In the absence of explicit statement to the contrary, the terms used in these general terms and conditions are defined as follows:
W.G. van der Zanden: The private limited liability company (“Besloten vennootschap met beperkte aansprakelijkheid”) W.G. van der Zanden B.V. established under Dutch law at Oppermanstraat 33, (3194 AC) Hoogvliet Rotterdam, postal address: PO Box 275, (AG 3190) Hoogvliet Rotterdam, registered with the Trade Register of the Chamber of Commerce under number: 24173438, VAT number: NL0072.06.550.B01, seller and the user of these general terms and conditions.
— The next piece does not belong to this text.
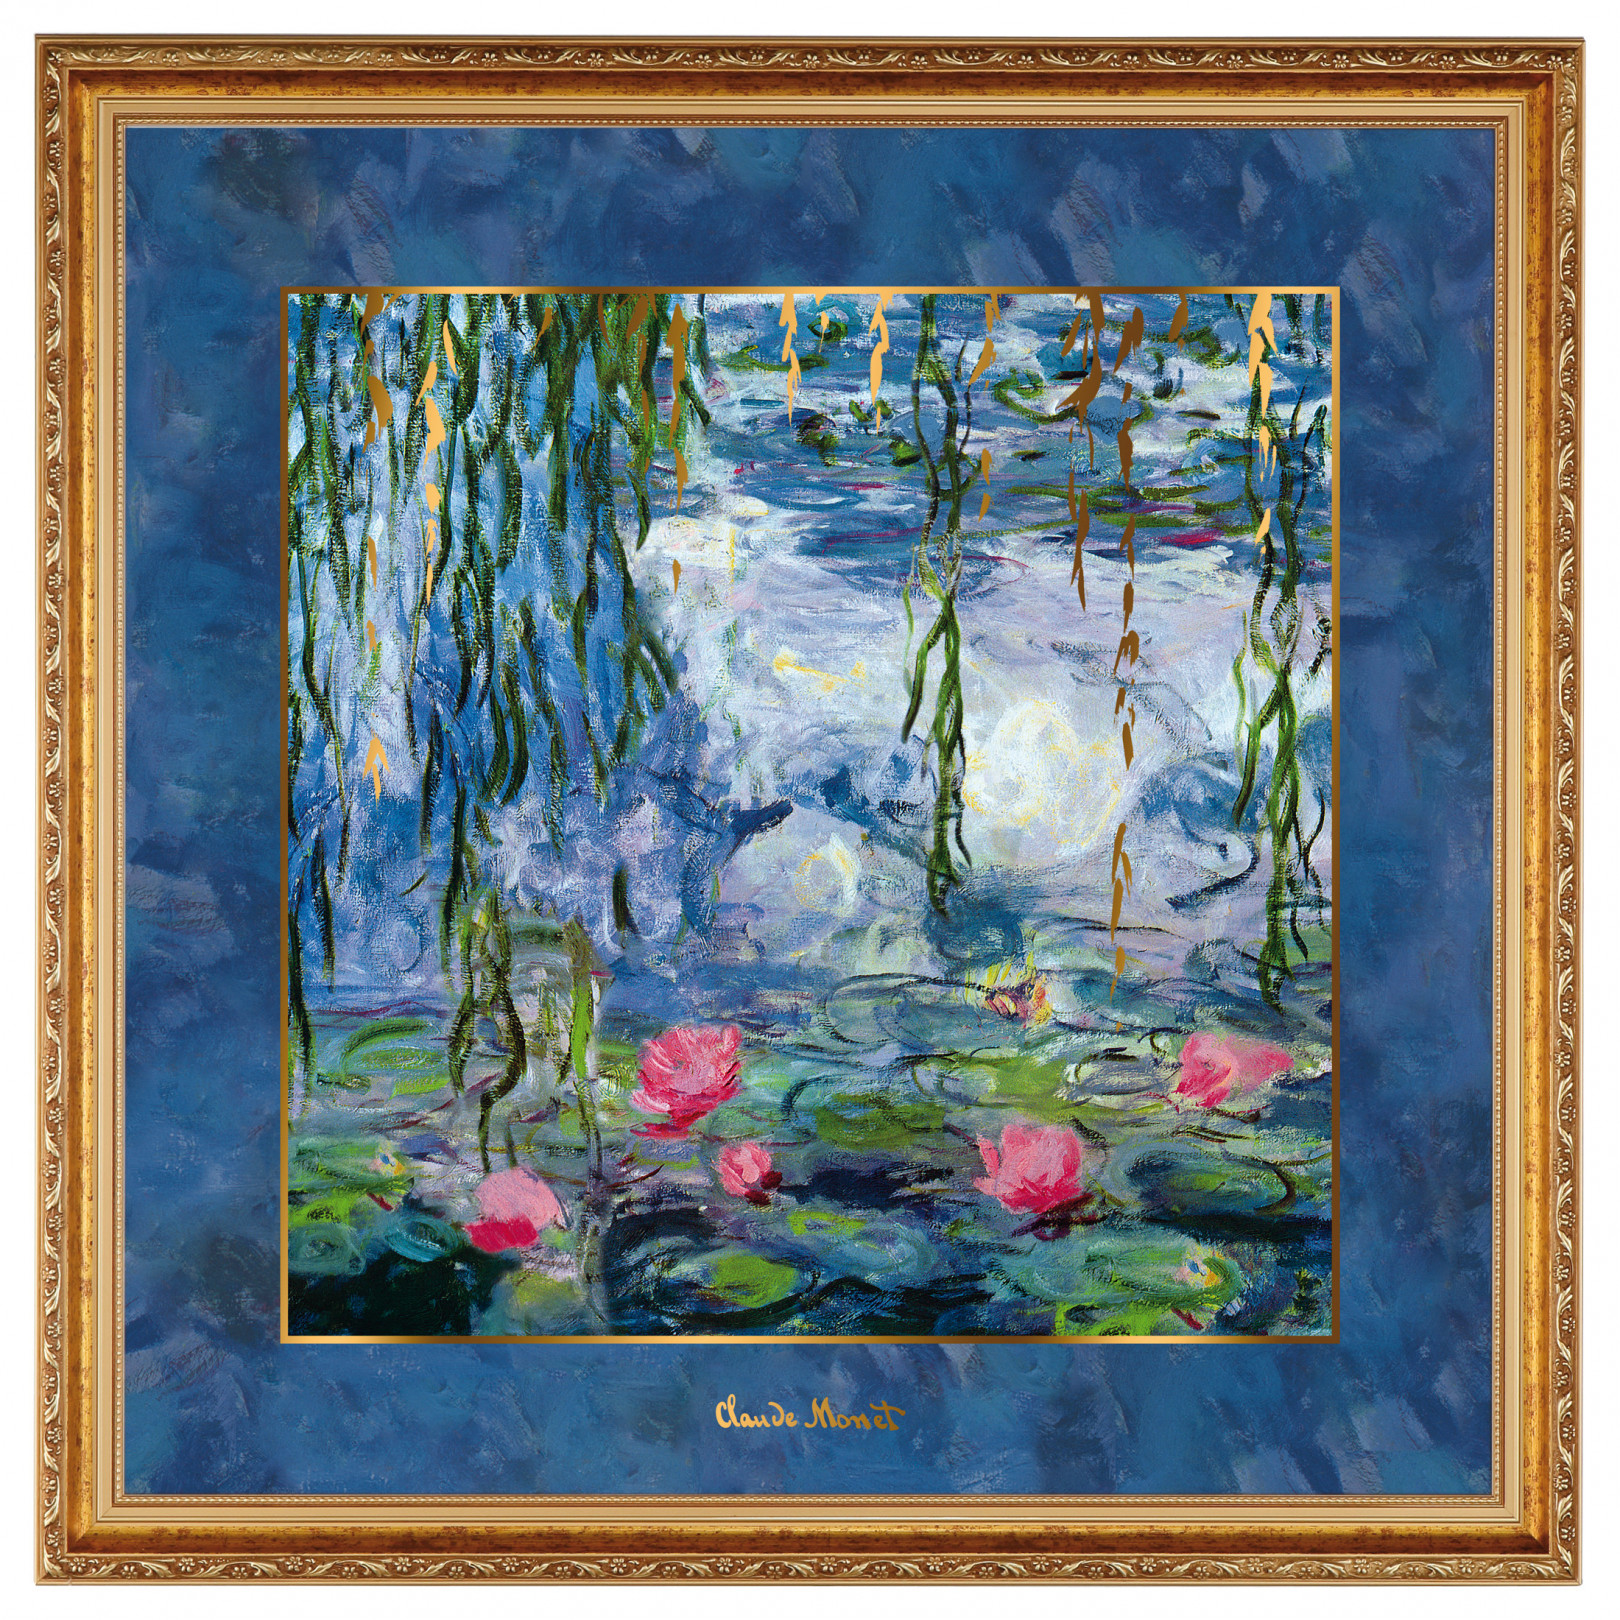 Obraz na porcelanie 68 cm C. Monet - Lilie wodne - Goebel

Buyer: each party (natural or legal person) who enters into agreement with W.G. van der Zanden or to whom W.G. van der Zanden has issued an offer to which these general terms and conditions (hereinafter: “these conditions”) apply.
Agreement: each agreement, no matter in which way it is realized, between W.G. van der Zanden and the buyer, any amendment or supplement thereto, and all (legal) acts in preparation and implementation of that agreement.
Assignment: every assignment to perform services or deliver goods by W.G. van der Zanden to the buyer, which is established between W.G. van der Zanden and the buyer on the basis of an agreement. The applicability, in every way, of Article 7:404, 7:407(2) and 7:409 of the Dutch Civil Code is expressly excluded.
Delivery periods agreed are not fatal deadlines, unless explicitly agreed otherwise in written. In the case of late delivery, the buyer must notify W.G. van der Zanden of default in writing, with due observance of a reasonable time frame, before W.G. van der Zanden can be in default. A term agreed on starts to run when the buyer all, by W.G. van der Zanden, requested information has provided to W.G. van der Zanden.
Moreover, a delivery period agreed on is always under the condition of undisturbed labour conditions and material supply, undistorted transport and timely delivery by suppliers of W.G. van der Zanden, as such that W.G. van der Zanden is able to keep the time of delivery.
If W.G. van der Zanden and the buyer have agreed on a specific price, W.G. van der Zanden will nevertheless be entitled to increase the price associated to cost price increasing factors that occur from the moment of conclusion of the contract. The buyer is obliged to pay the resulting higher price instead of the originally agreed price.
In the absence of mandatory rules of law to the contrary, the court of Rotterdam has exclusive competent jurisdiction in all disputes, arising between W.G. van der Zanden and the buyer, wherein the parties cannot reach a mutually agreed solution. W.G. van der Zanden remains also entitled to summon the buyer before the competent court of the domicile of the buyer.
All agreements or legal relationships between W.G. van der Zanden and the buyer, and all potential deriving disputes thereof, shall be exclusively governed by the laws of the Netherlands. The aforementioned also applies when a legal relationship is wholly or partly endorsed abroad or when a party involved in an agreement or legal relationship has its domicile abroad. The Vienna Sales Convention is expressly excluded.